Когда приходит время какой-нибудь идее созреть, ею начинают увлекаться, даже не замечая этого. Один из самых крупных корифеев байроновского направления, после того как он порылся в самой сердцевине мелочного и грубого общества, где все притязавшее на более благородную жизнь должно было заглохнуть от ничтожества жалкого прозябания, — вздумал изобразить по-своему двух бедных крестьян.[355] Одному из них он, конечно шутки ради, придал характер Гете, другому — характер Шиллера.[356] Но по мере того как Тургенев ближе присматривался к помещичьему дому и чердаку бурмистра, он все сильнее увлекался своим предметом. Шутка все исчезала, и поэт нарисовал нам два разных, серьезных поэтических типа русских крестьян. Неподготовленная к этому публика разразилась рукоплесканиями. Художник выступил со вторым своим рассказом «охотника».[357] Этот рассказ был превосходен, — так пошло дальше. Тургенев имел свою особую антипатию, он не стал глодать костей, оставленных ему Гоголем, а занялся преследованием другой добычи: помещика, его жены, его кабинета, управляющего и старосты. Никогда еще раньше внутренняя жизнь помещичьего дома не выставлялась в таком виде на всеобщее посмеяние, ненависть и отвращение. При этом нужно заметить, что Тургенев никогда не накладывает густых красок, никогда не применяет слишком сильных выражений. Наоборот, он повествует с большою пластичностью, употребляет всегда лишь изысканный слог, который необычайно усиливает впечатление от этого поэтически написанного обвинительного акта крепостничеству…
…Русская литература… зарождается в сатирах князя Кантемира, пускает корни в комедиях Фонвизина и достигает своего завершения в горьком смехе Грибоедова, в беспощадной иронии Гоголя и в духе отрицания новой школы, не знающем ни страха, ни границ… В самый год смерти Лермонтова появились «Мертвые души» Гоголя.[359]
Наряду с философскими размышлениями Чаадаева и поэтическим раздумьем Лермонтова произведение Гоголя представляет практический курс изучения России. Это — ряд патологических очерков, взятых с натуры и написанных с огромным и совершенно оригинальным талантом.
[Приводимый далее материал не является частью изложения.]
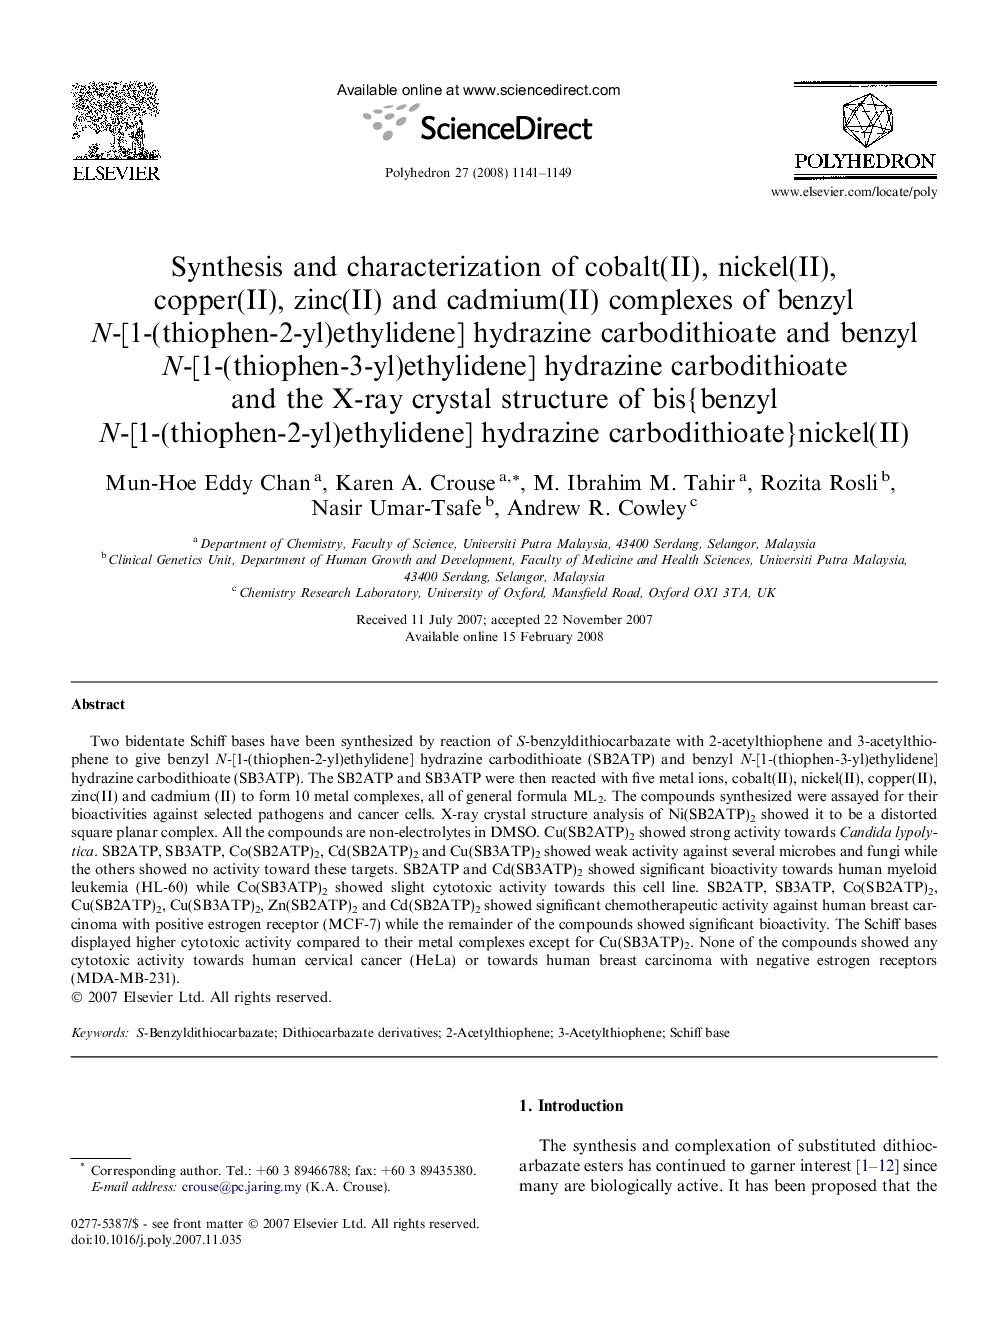 Synthesis and characterization of cobalt(II), nickel(II), copper(II), zinc(II) and cadmium(II) complexes of benzyl N-[1-(thiophen-2-yl)ethylidene] hydrazine carbodithioate and benzyl N-[1-(thiophen-3-yl)ethylidene] hydrazine carbodithioate and the X-ray c

Гоголь тут не нападает ни на правительство, ни на высшее общество; он расширяет рамки, ценз и выходит за пределы столиц; предметами его вивисекции служат: человек лесов и полей, волк, мелкий дворянчик; чернильная душа, лиса, провинциальный чиновник и их странные самки. Поэзия Гоголя, его скорбный смех — это не только обвинительный акт против подобного нелепого существования, но и мучительный вопль человека, старающегося спастись прежде, чем его заживо похоронят в этом мире безумцев. Подобный вопль мог вырваться из груди человека лишь при условии, если в нем еще не все больное и сохранилась громадная сила возрождения. Гоголь чувствовал — и многие другие чувствовали с ним — позади мертвых душ души живые.